Keywords: Lichen sclerosus, Vulva cancer, Breast cancer, Penis cancer, Comorbidity
Introduction
Lichen sclerosus (LS) is a chronic lymphocyte mediated inflammatory mucocutaneous disease with a predilection for the anogenital region [1]. The disease is characterized by intolerable itching, pain as a result of erosions or fissures, and scarring [2]. Untreated, LS can lead to the advanced stage of the disease with drastic alterations of the structural anatomical architecture in both sexes, ulcerative lesions with hemorrhage on the vulva, a loss of the labia minora, scarring and narrowing of the vaginal introitus, urine retention, anal stenosis, constipation [3] and phimosis. As a result, patients often experience both sexual and urinary dysfunction and might need reconstructive surgery. The first-line treatment consists of a potent topical steroid (clobetasol ointment) applied to the affected area. Circumcision is a treatment option in male patients that do not respond to topical steroids, and might be curative. If the diagnosis is delayed or the patient is unresponsive to steroids, genital reconstruction might be needed to regain function [4]. If left untreated, the vulvar area affected by LS can transform into a premalignant lesion or vulvar squamous cell carcinoma (SCC). Penile LS could also lead to penile SCC [2, 5].
Neither the pathophysiological mechanism, nor the etiology of the disease is known but theories suggesting autoimmunity, isotraumatopic or infectious geneses have been presented. Circulating IgG autoantibodies to the glycoprotein extracellular matrix protein 1 (ECM1) have been found in both sexes [6]. Associations between penile LS and human leukocyte antigens (HLA) class II have been found; however, similar HLAs appeared to be protective in vulvar LS [7]. Possible hypotheses for the development of LS include chronic exposure to trapped urine, supported by the fact that circumcision is often curative in the early stages of the disease [4]. Extragenital LS has in some cases appeared in the area of a surgery wounds [8], radiation therapy [9] and previous sunburns [10], suggesting that trauma might predispose the subject to LS. Previous studies have found that 12% of patients with LS report cases of LS in their family history and propose a genetic background to the development of the disease [7]. Further studies are required to fully understand the etiology of LS.

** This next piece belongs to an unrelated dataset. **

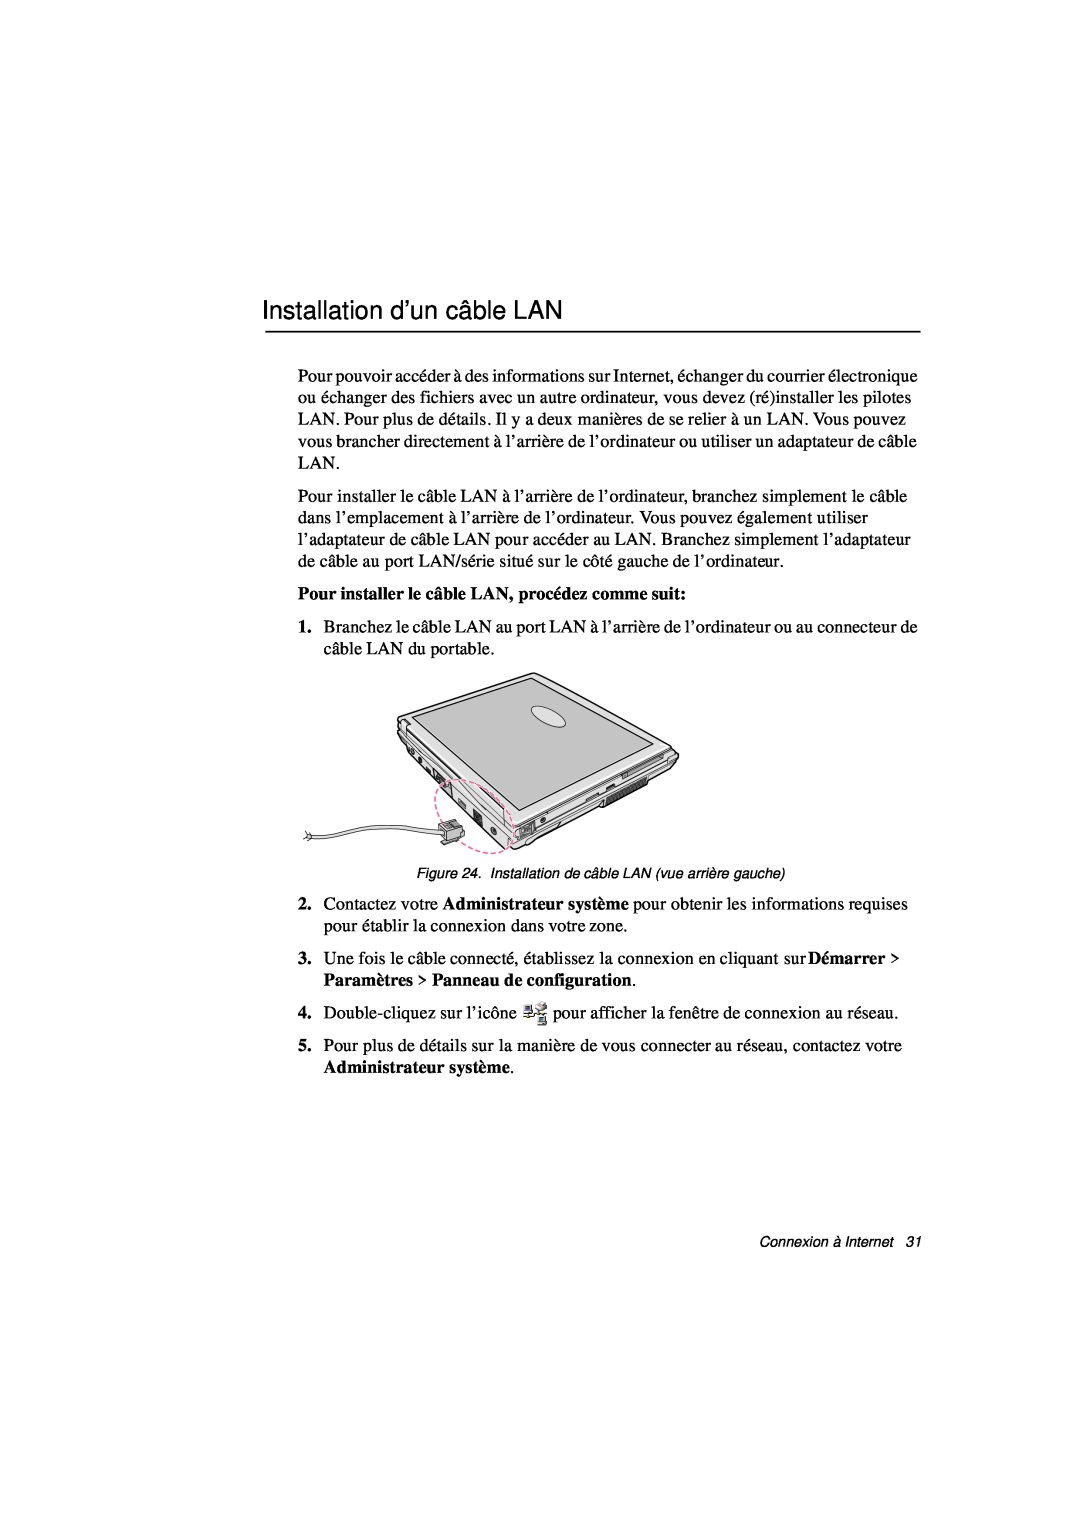 Samsung N760GR2008/SEF, N760PJ2008/SEF manual Installation d’un câble LAN, Pour installer le câble LAN, procédez comme suit

All age groups can be affected but overall females seem to be more prone than males to develop LS [2]. In vulvar LS there are two peak ages of presentation, in the prepubertal and postmenopausal years [3]. Similarly, there is also a bimodal onset of LS in males, with age peaks in young boys and adult men [11]. Due to the lack of large epidemiological studies, it is not possible to determine the true incidence of LS [2, 12]. LS has an estimated prevalence of 1:60 to 1:1,000 in adults and children in the United States [13] but since LS can be asymptomatic and is an under-recognized disease, these prevalences are probably underestimated [11]. A Dutch study found that the incidence of vulvar LS had increased from 7.4 per 100,000 woman-years in 1991 to 14.6 per 100,000 woman-years in 2011. The same study has found the mean age at the time of vulvar LS diagnosis was 59.8 years and the cumulative vulvar SCC incidence was 6.7% [14]. Another study found that the lifetime risk of penile SCC was 4–5%. The incidence of LS in penile cancer is relatively high [4, 15]. No epidemiological studies on LS have been conducted in Sweden.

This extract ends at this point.